13 thoughts on “Wild Wings

  1. You’re well-aware how much I love my birds (and other critters!)…watching them is soothing.
    Although if that Blue Jay tried to raid my swallows’ nest again, he’s gonna get smacked with a tennis racket!

  2. I am not a big fan of birds, but I love bluejays. We have a team of them living in the lodgepole pine in our front yard. They steal the seeds from my garden, but I think that’s a small price to pay. 🙂

  3. I love this, Kathryn! It could almost be an account of the bird activity in my yard. Only this morning I saw a male cardinal landing on a very thin branch of the sessile oak right behind our house (plenty of sturdy branches for perching use), bouncing up and down with the branch, flying off and coming back and bouncing again. Then his mate joined him a few times and did the same thing. Of course, I want to think it was some kind of fun for them … like being on a ride at an amusement park. Perhaps that is ‘humanizing’ them too much. Thanks for sharing your lovely reflection and photos. XO ♥

    • Half the fun of bird watching (animal watching in general, I suppose), for me, is thinking of them in anthropomorphic terms and interpreting their activities, but of course I love them for their innate beauties too. I have a pair of cardinals that keep me company, as well.
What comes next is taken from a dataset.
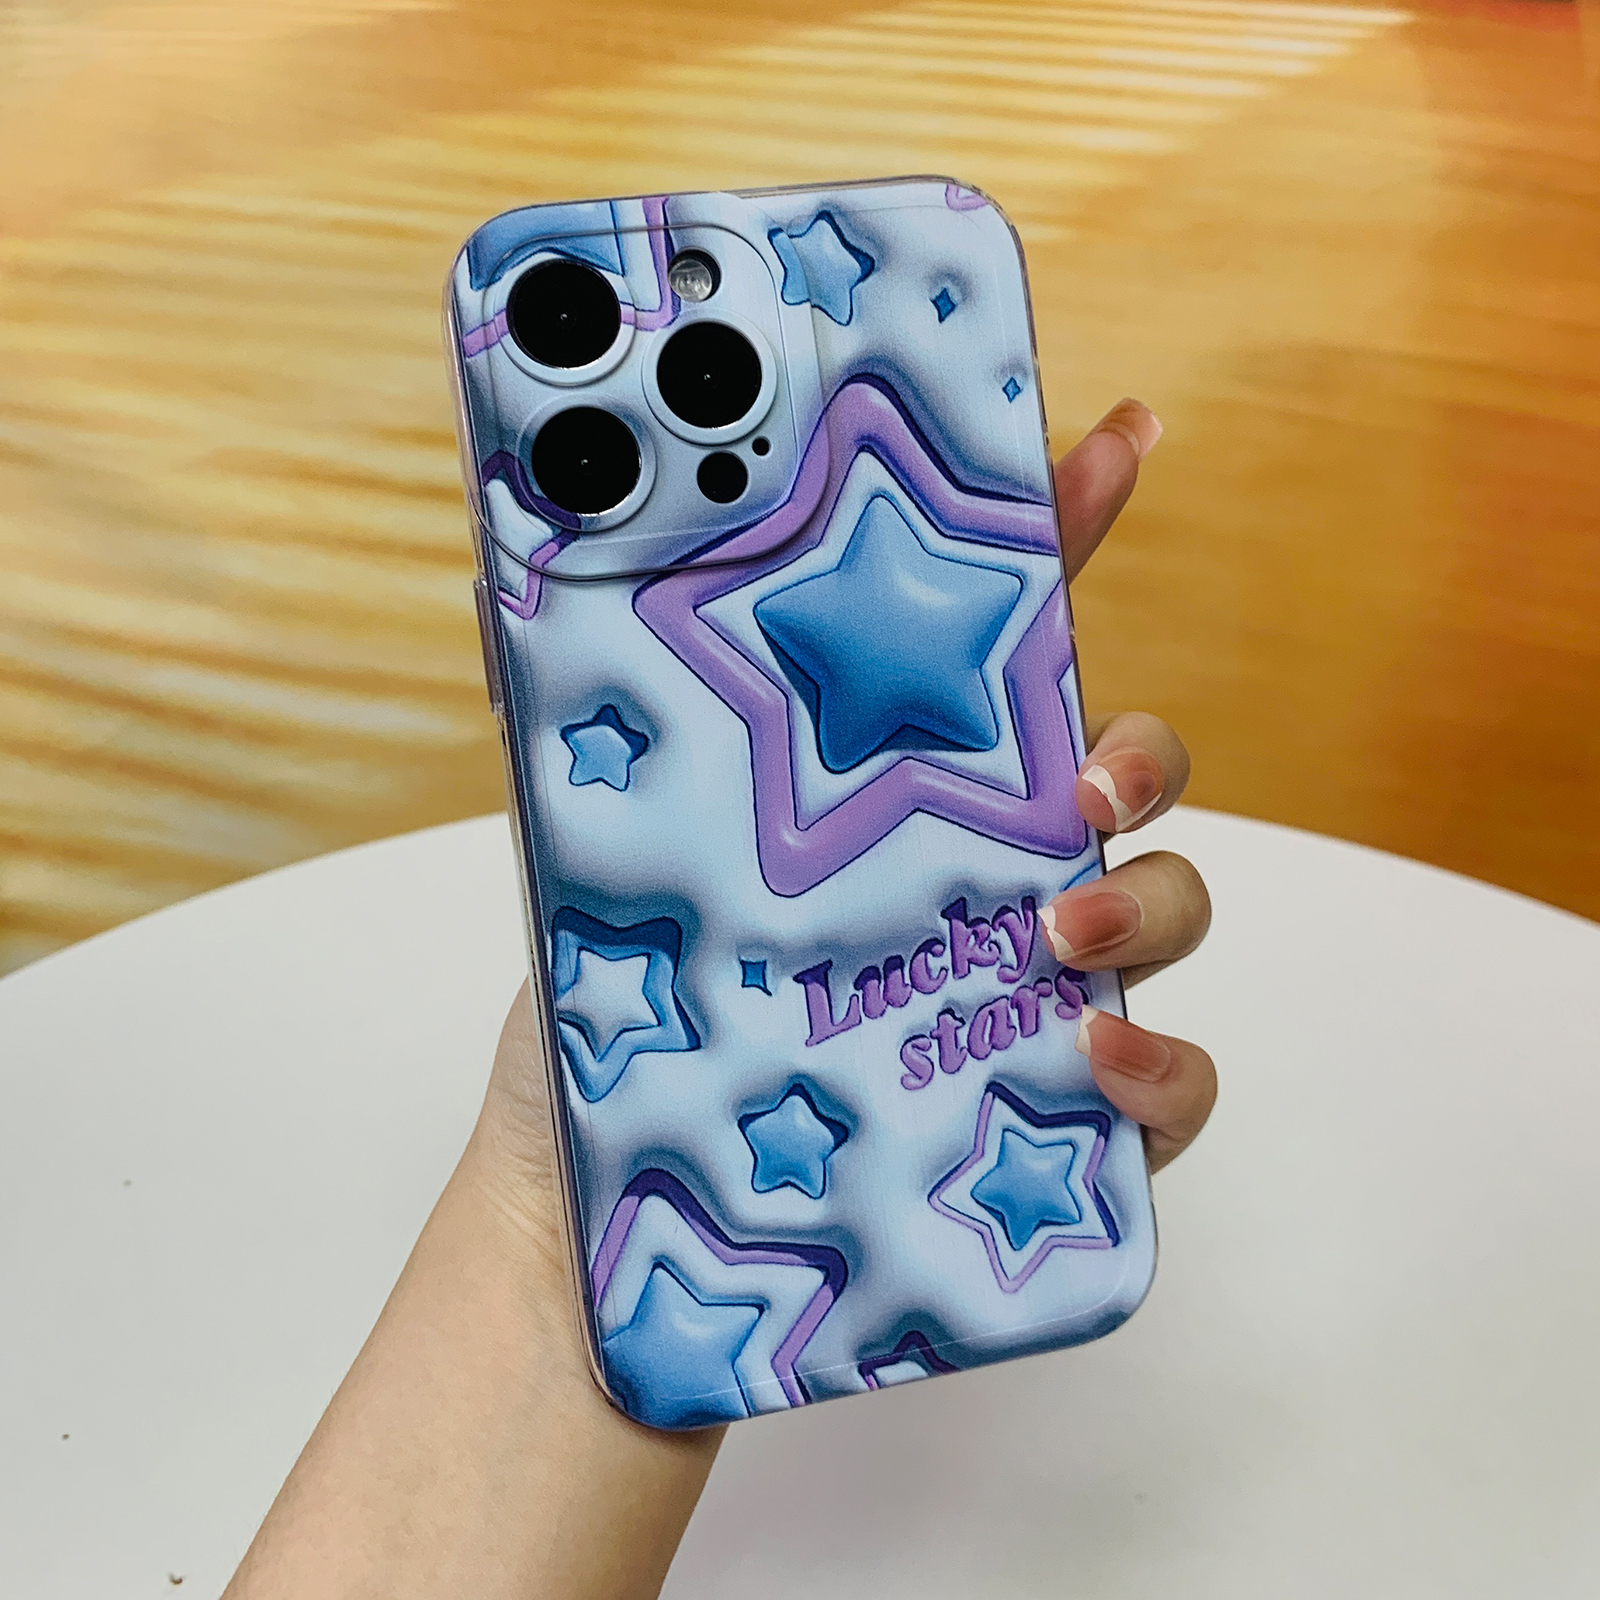 Luxury Bling Lucky Flower Square Case For iPhone 13 12 11 Pro Max XS Max XR  8 7
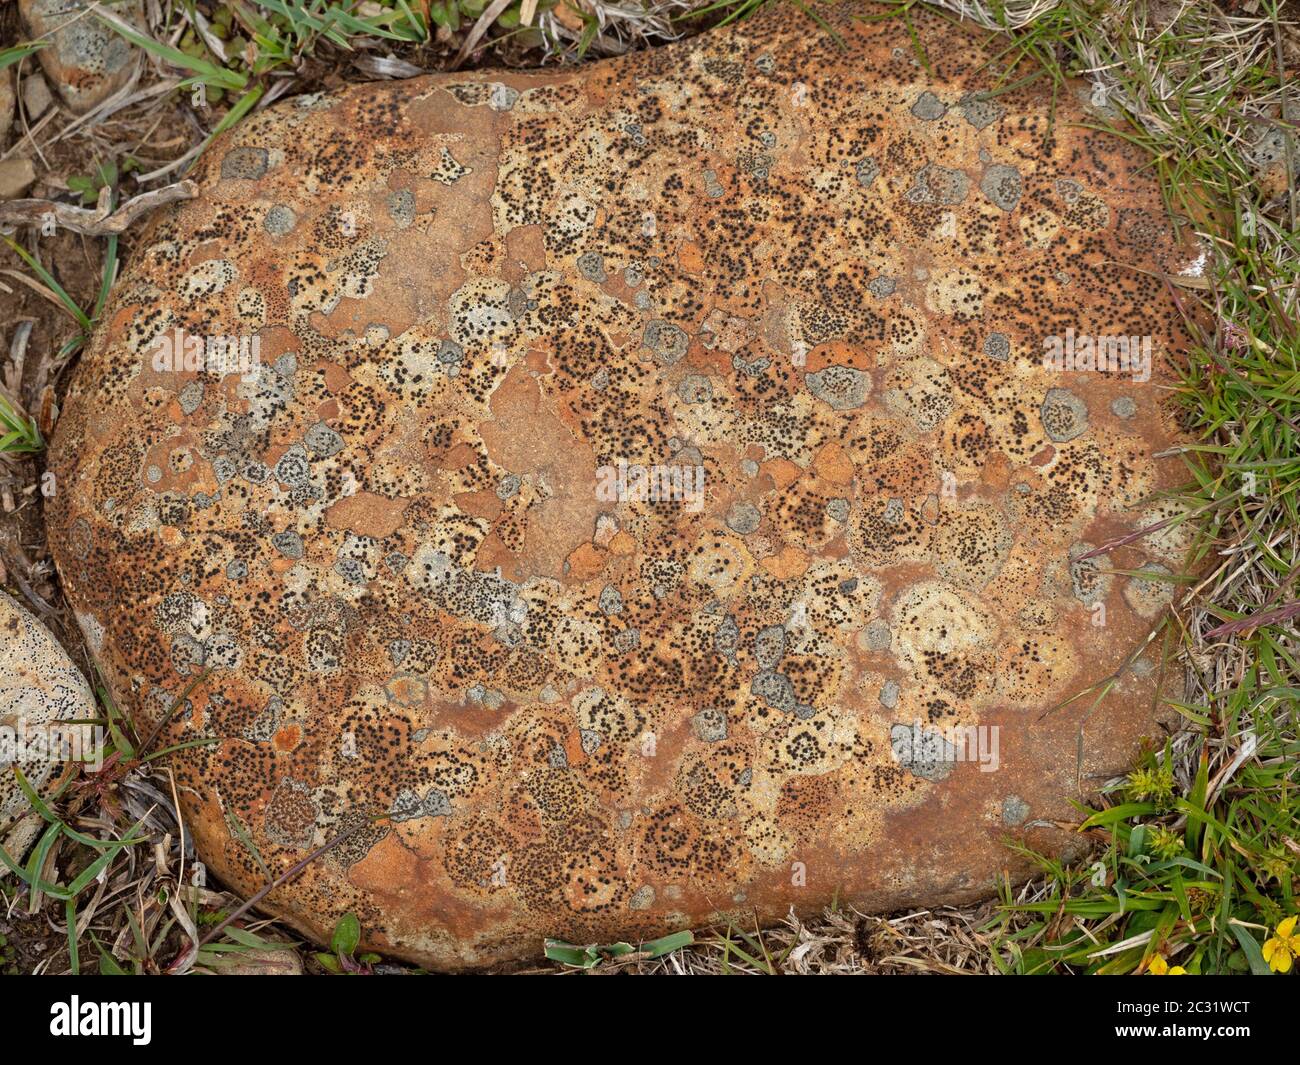 smooth rounded brown rock decorated with delicate natural patterns of concentric lichens that resemble detailed artwork in Cumbria, England, UK Stock Photo

  4. Birds are one of the reasons I have my morning coffee in my yard, though the variety isn’t anything like the one you watch. That’s OK. Just as long there are some birds to watch, how they’re dressed doesn’t really matter much. 🙂

    • My father even invented a subspecies of your friends years ago. One day he and I headed out to our back deck to listen to the birds and enjoy some R&R/father-daughter time, but the minute we got out there we were ‘serenaded’ by a lengthy, noisy and inescapable squabble between a neighboring couple. Dad leaned back with a beatific expression on his face and sighed, ‘Ahhh, the call of the Raving Nuthatch!’ Fortunately every actual nuthatch I’ve been privileged to ‘meet’ since then has been of a much nicer sort! I wish I knew more about birds, but even with my limited ability to recognize varieties or know much about them, I can enjoy them immensely, and I do. 🙂

  5. The blue & red of Jays & Cardinals are truly spectacular. On a slightly other note, it was Wm. Blake who wrote, “A robin redbreast in a cage puts all of heaven in a rage.”